Later I was at lunch with the director of my unit (a dual citizen), a colleague, and that colleague’s girlfriend. The girlfriend got into it, I don’t remember over exactly what, but probably over the question of war. I do remember that I took an immediate stance against any immediate action. Let’s wait, let’s not make things worse. Something like that, probably something like that.

Oh, and probably something about how this probably connected to something the US had done. Yes, this was terrorism, and no, the people killed didn’t deserve it, but given how the US acts in the world, it shouldn’t be a surprise when the world reacts. Something like that, probably something like that, is probably what set off the girlfriend. Or something the girlfriend said set this off in me. I don’t remember the specifics, “who started it”, just that we got into it.

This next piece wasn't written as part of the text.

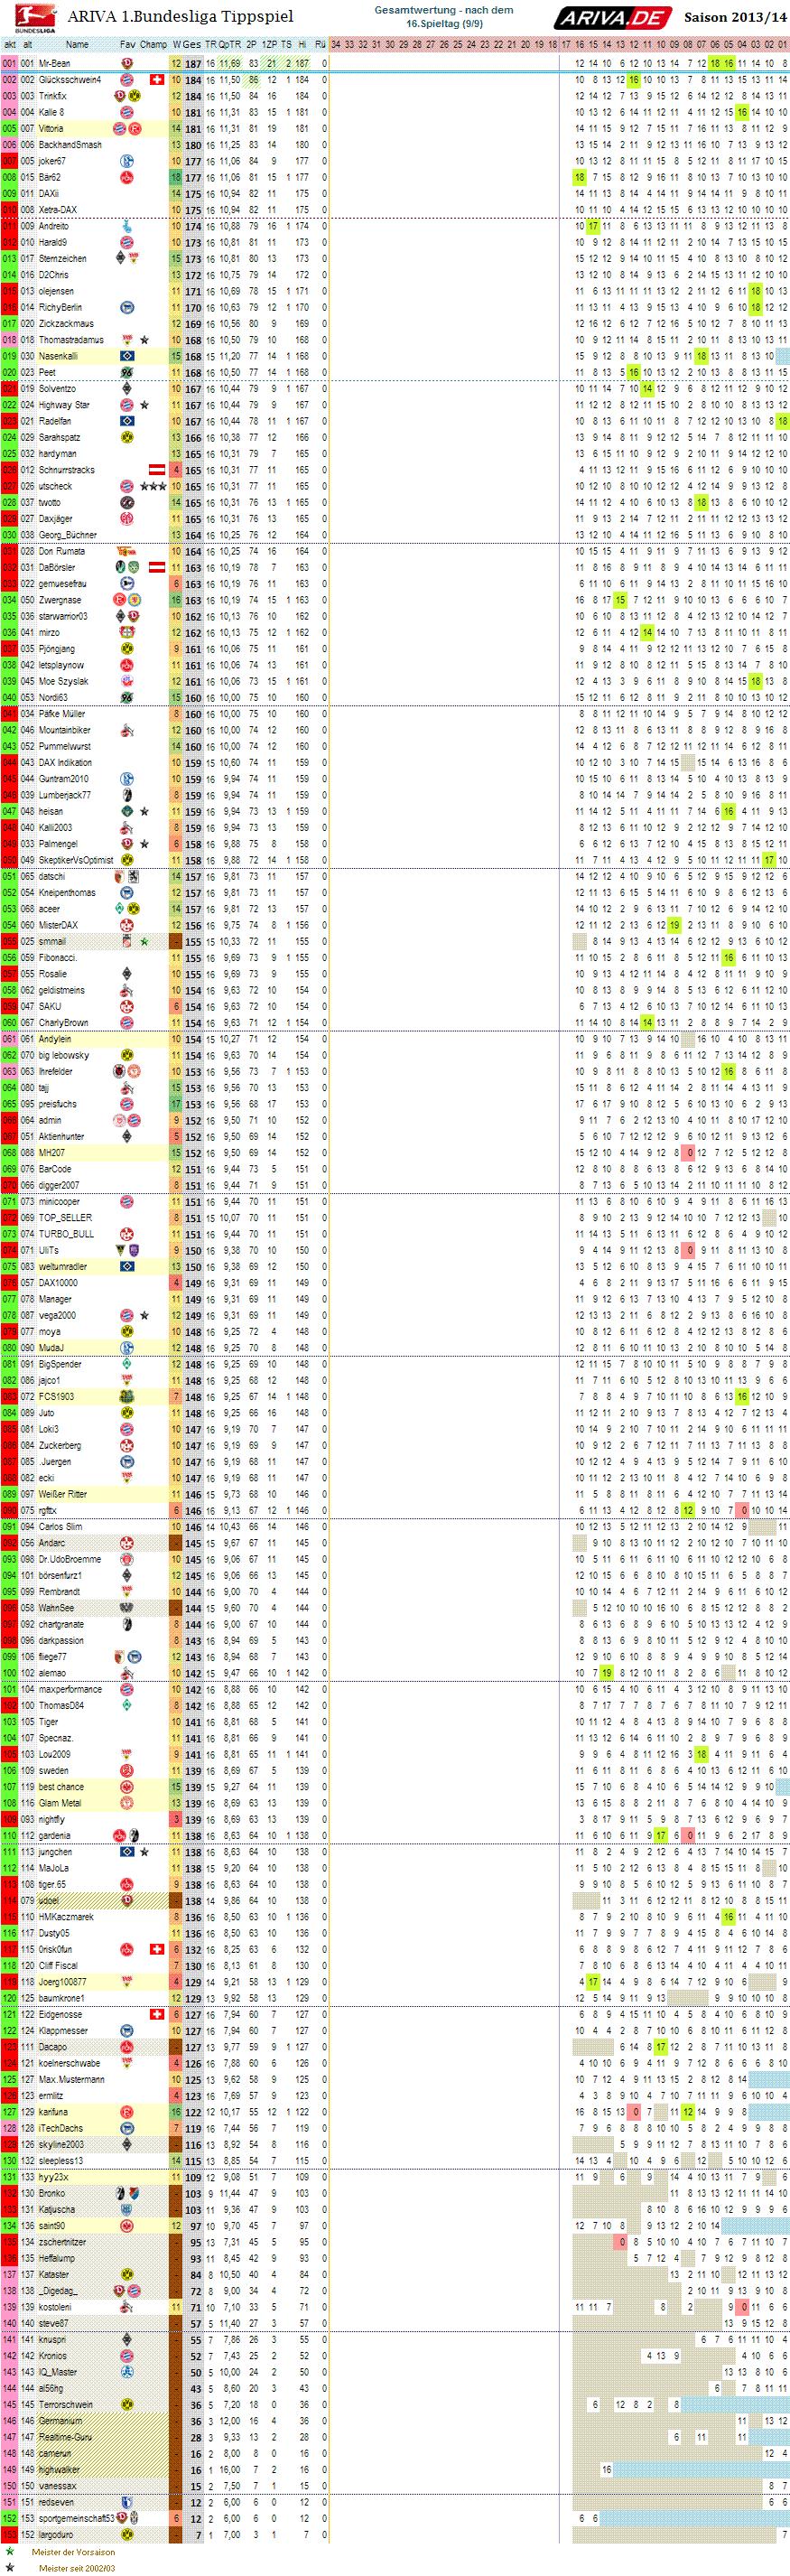 1bl_gesamtwertung_16.png

Later, not much time later, the director said to me, quietly, that perhaps it was too soon. And I thought, even if I didn’t say it (tho’ I might have said it), that we have to speak now, before everything hardens, and further thought isn’t possible.

Later, maybe later that day, maybe the next day, I rode back up Mont Royal, stood at the terrace near the top and looked toward what I guessed was New York. Could I see the smoke? Could it reach Montreal? Were we all now breathing in the dead?

Melodramatic, I knew, even as I thought it. Besides, everyone would breathe the dead, they would soar around the world and we’d all breathe in everyone’s dead, the way we always had, the way we never thought we had.

A week later I was at the border, a black strip of fabric hanging from my rearview mirror, on my way to see M. & E. in Vermont. I thought it might take hours; it took minutes. No problems, no problems at all.

M. was still working, so E. and I tooled around, running errands, before picking her up (or maybe we ran the errands after we picked her up; I don’t remember). We had to stop at a store E. hated, thought was terrible. “I wish a plane had crashed into that store,” he muttered, and then we both sputtered with laughter. We were terrible, laughing at a terrible joke about a terrible event.

Later, over a year later, hundreds of thousands of us marched down St. Catherine and Rene Levesque; millions around the world marched against the march to war. For naught. I watched the CBC in disbelief as the President led the Congress, and the nation, into war in Iraq. I couldn’t believe it: it was all so transparently false, so obviously wrong, they couldn’t actually pull this off, could they? Yes. And no.

There’s more, of course; ten years, after all. And while I’m in New York now, having not been then, my memories are of the outsider, still.

Which is why I told my story today; let tomorrow be the day for the stories of those who were there.